Assembling the Environment with a script

Now when the CI is run, a file is created with these contents. They key can’t be used as it is, we need to import it into a keyring. We discovered above that it is possible to create a special GPGHOME for this job. So we create a script that looks like this:

#!/bin/bash
# Set up the GPG home directory.
if [[ -f $PRIVATE_KEYFILE ]]
then
  export GNUPGHOME=`pwd`/gpghome
  rm -rf $GNUPGHOME

  mkdir $GNUPGHOME
  chmod 700 $GNUPGHOME

  # Import the private key
  gpg --import $PRIVATE_KEYFILE
  gpg --list-keys
fi

# Check we can see inside the encrypted file
gpg -qqd gpg-preload.asc && echo ""
echo "Above line should read True"

rm -rf $GNUPGHOME

As I did above manually, I tested using the gpg-preload.asc file that regpg sets up. I proved the gpg decrypt works! I can detect if we are running from GitLab runner by checking if my file variable exists. If not, I assume the user has access to the secrets through their own GPG key.

Getting the Other Repositories

As I mentioned, we also need to access other repositories, the one containing the playbooks and the one with the code to deploy.

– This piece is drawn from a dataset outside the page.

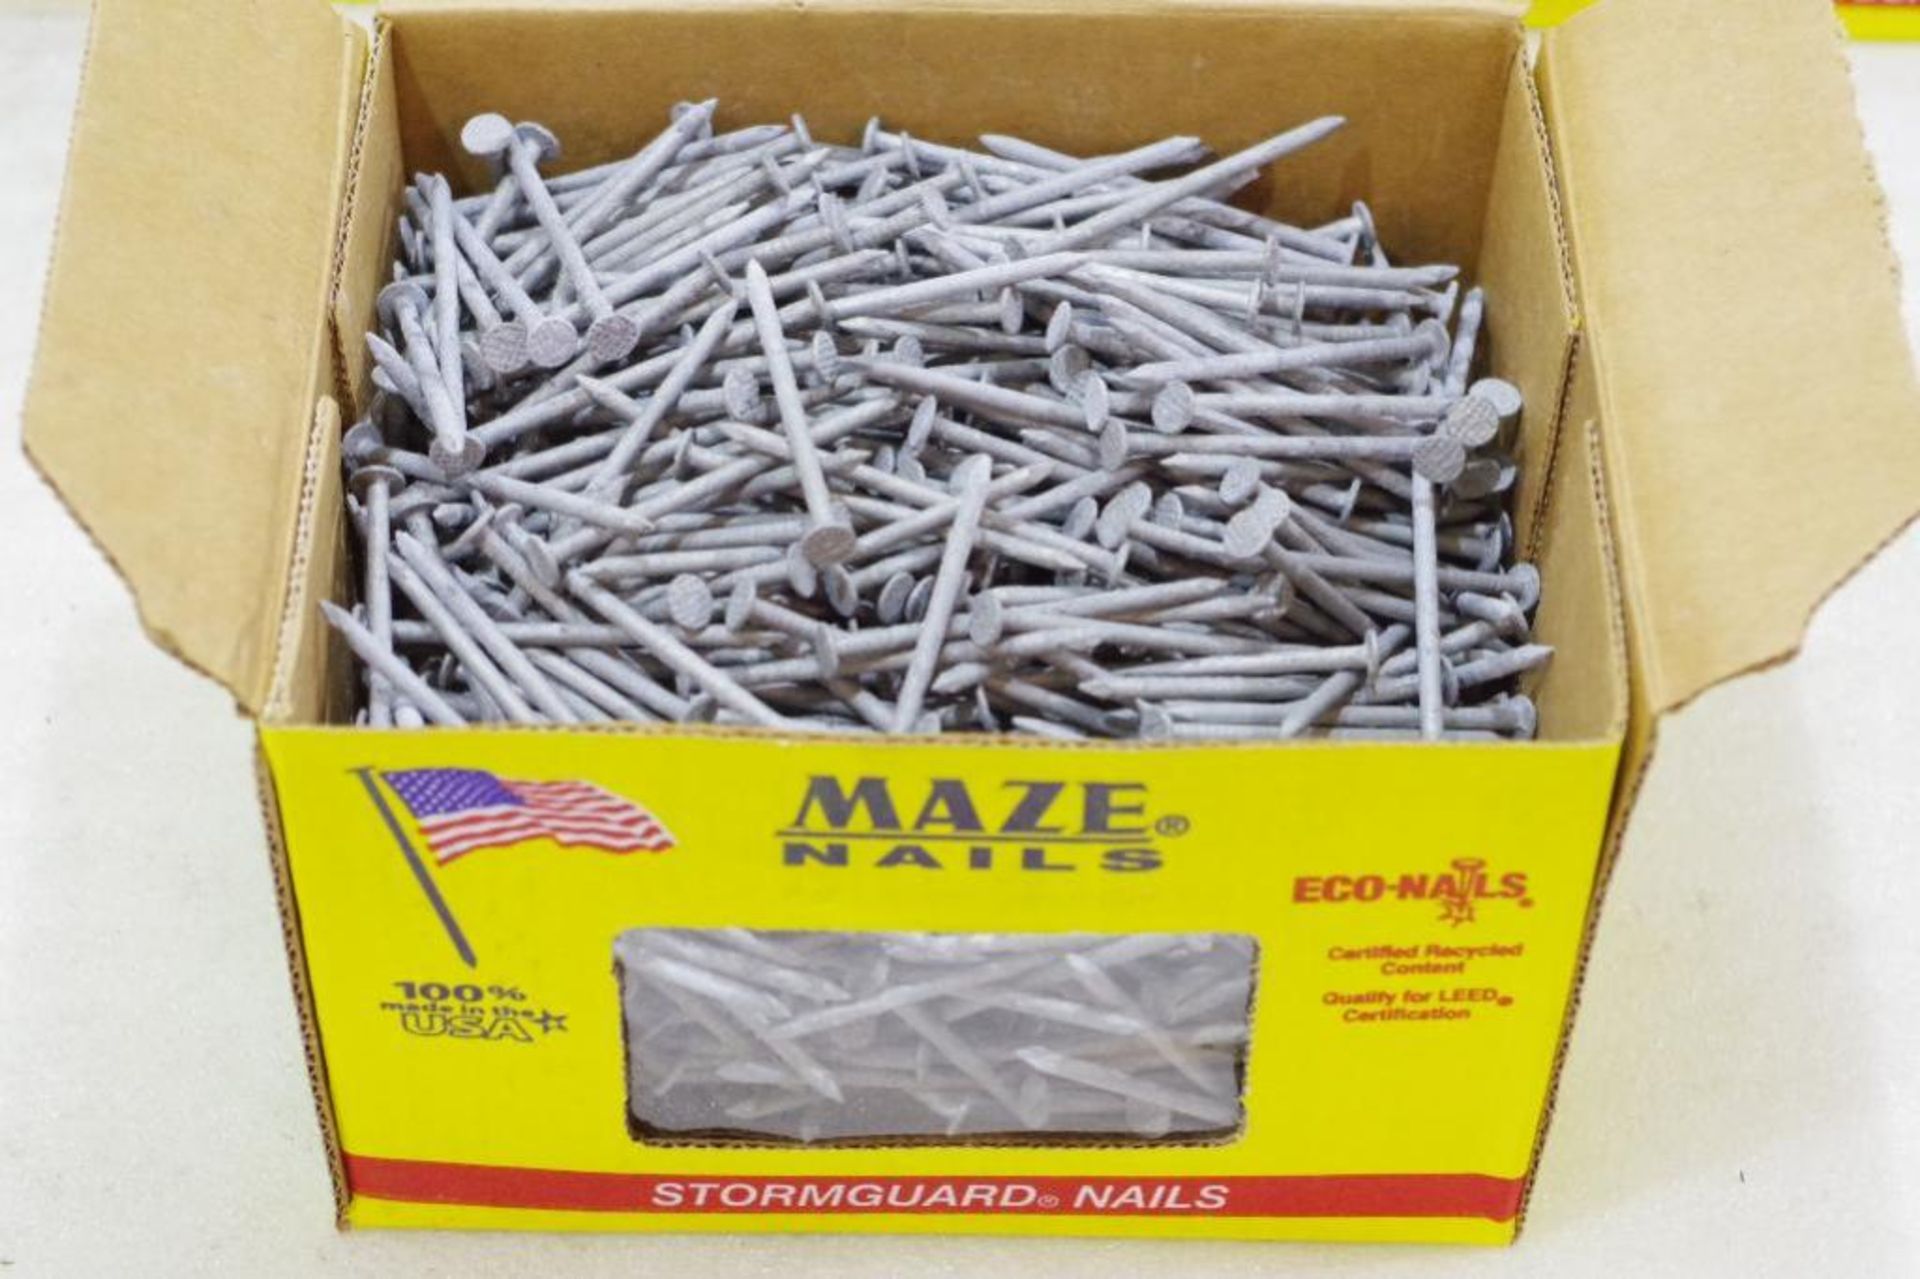 (30) Lbs. MAZE Stormguard Hot-Dip Galvanized Box Nail 2" 6d M/N S205, Made in USA (6 Boxes 5 Lbs.) - Image 6 of 7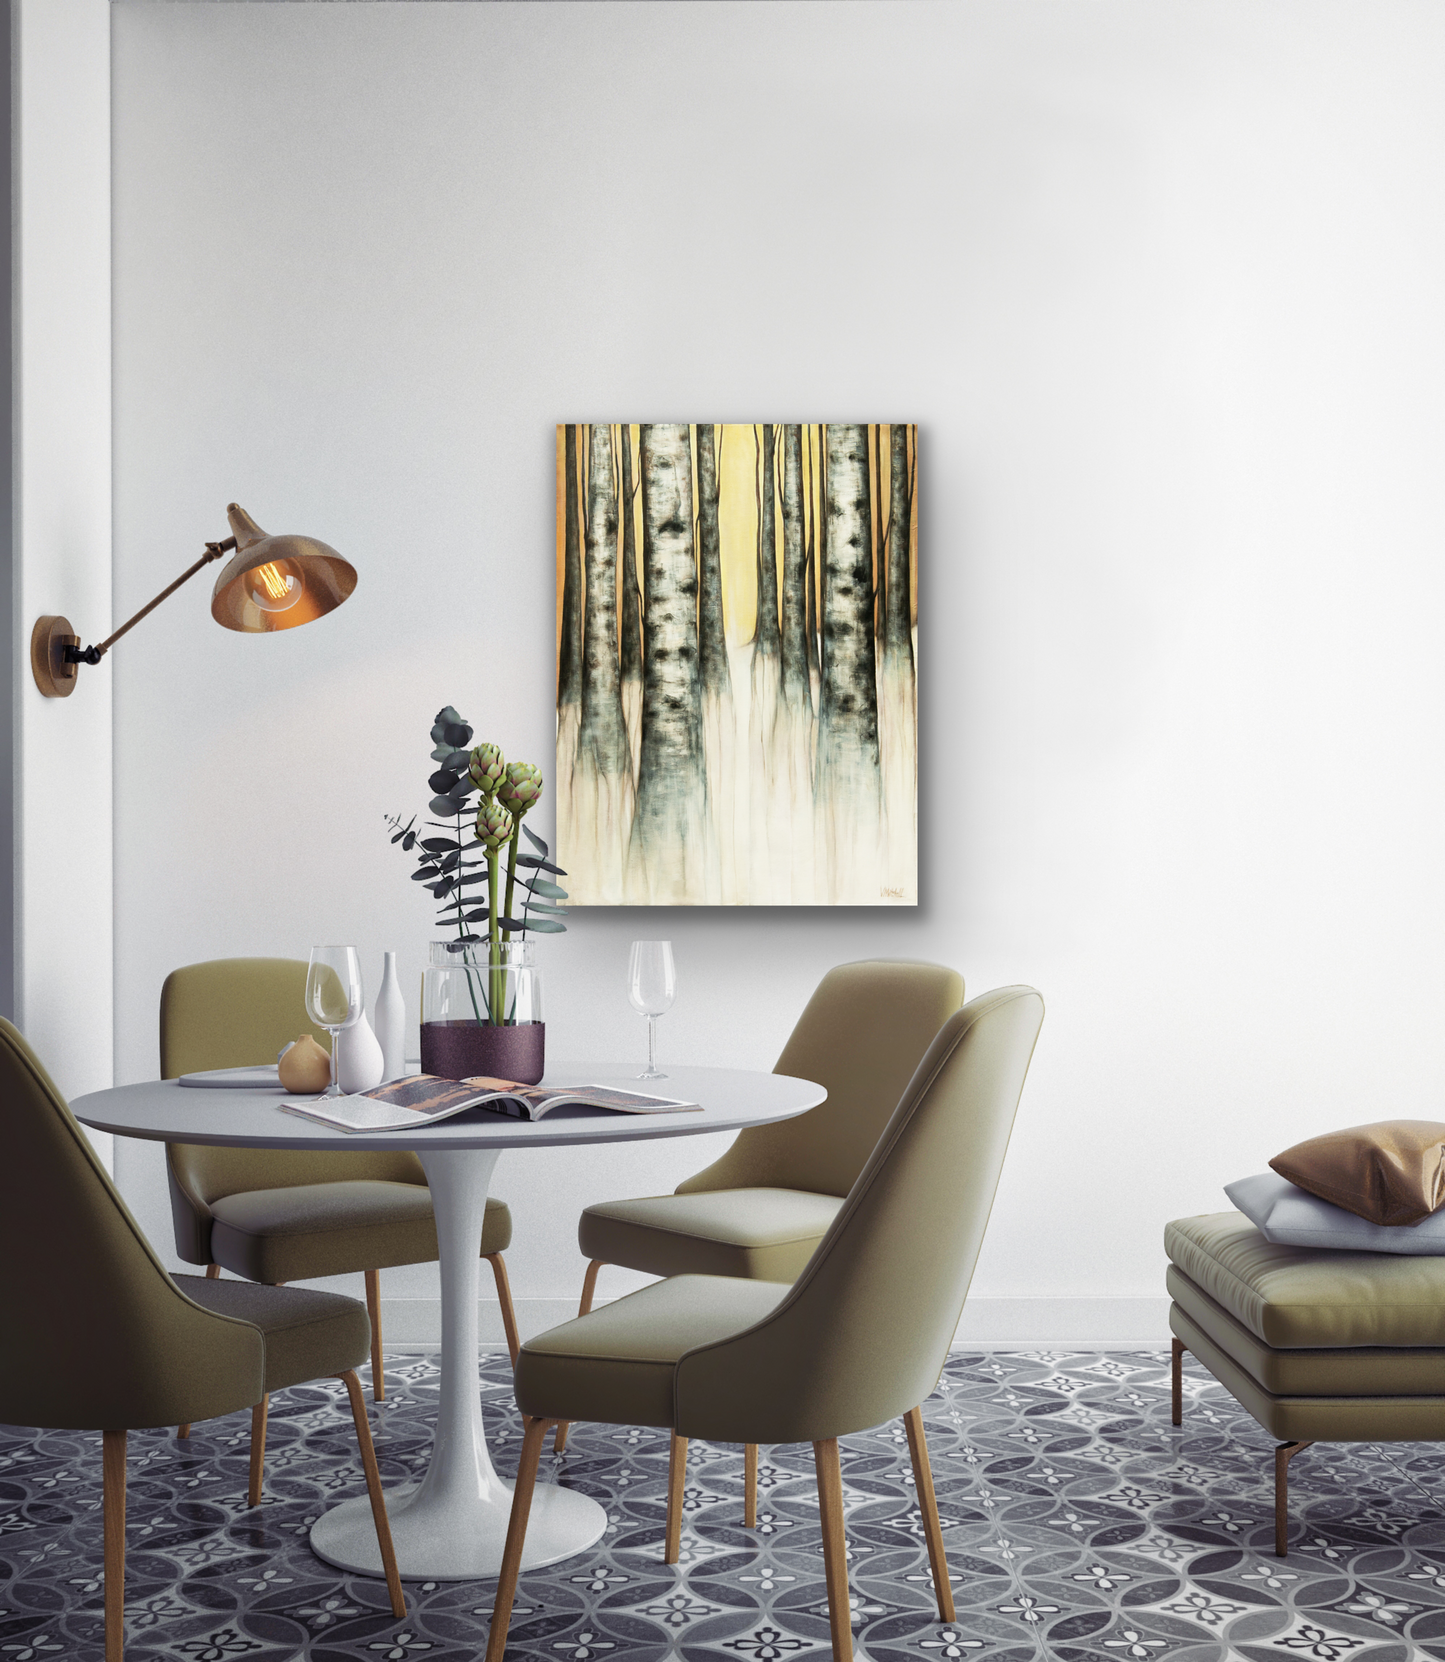 This wall art with it surreal calming natural setting is perfect for bedroom, living room or dining room.

If we are running in GitLab runner, the job can access other repositories using the variable CI_JOB_TOKEN. A user running the job from their PC would use the host keys they have set up. We need to detect whether we are running as a user or in gitlab runner. I use the following code to do this in ansible:

---
# Use templating to decide whether this is being run as part of a 
# GitLab job. If it is, use the CI_JOB_TOKEN. If not, then assume
# the user has set up ssh keys.
  citk: "{{ lookup('env','CI_JOB_TOKEN') }}"
  tokuri: "https://gitlab-ci-token:{{ citk }}@gitlab.developers.cam.ac.uk/"
  sshuri: "git@gitlab.developers.cam.ac.uk:"
  gitlab_uri: "{% if citk is defined and citk|length %}{{ tokuri }}{% else %}{{ sshuri }}{% endif %}"

So if the build is being run from gitlab runner, gitlab_uri becomes:
https://gitlab-ci-token:${CI_JOB_TOKEN}@gitlab.developers.cam.ac.uk/. Otherwise it is set to: git@gitlab.developers.cam.ac.uk: Hopefully have host keys set up. The repository name can then just be appended to this URI.

Ansible Passwords

The reason for this was to ensure we don’t have to log in using host keys because any process running on a gitlab runner would be able to access that host. So let’s address that now.

I decided that if Ansible connected with a username and password rather than with host keys, we would be able to control which hosts each CI job connects to. So we need to configure two Ansible variables. This can be done in the inventory.

1
2
3

  vars:
    ansible_user: username
    ansible_password: password

But of course the password should be encrypted. Create a file with the encrypted password:

1
2
3

set +o history
echo -n "password" | regpg encrypt secrets/ansible_password.asc
set -o history

This is on my desktop, so I don’t mind that the password is briefly in the process listing, or in memory, or in the clear on the screen. I do like my passwords not to end up in my bash history, so that is what the set +o history does. Using bash without history is surprisingly annoying, so I switch it back on again.

The password doesn’t contain a carriage return, so echo -n ensures it doesn’t write a newline at the end of the string.

Now the password is encrypted, so we can change the inventory:

1
2
3

  vars:
    ansible_user: username
    ansible_password: "{{ 'secrets/ansible_password.asc' | gpg_d }}"

Beautiful. The windows username and password is different, so I have a similar setting in the windows group which defines that, and it overrides this one nicely.

Conclusion

The testing so far shows the approach is valid. No doubt there is some work to get everything working, but hopefully that won’t take too long!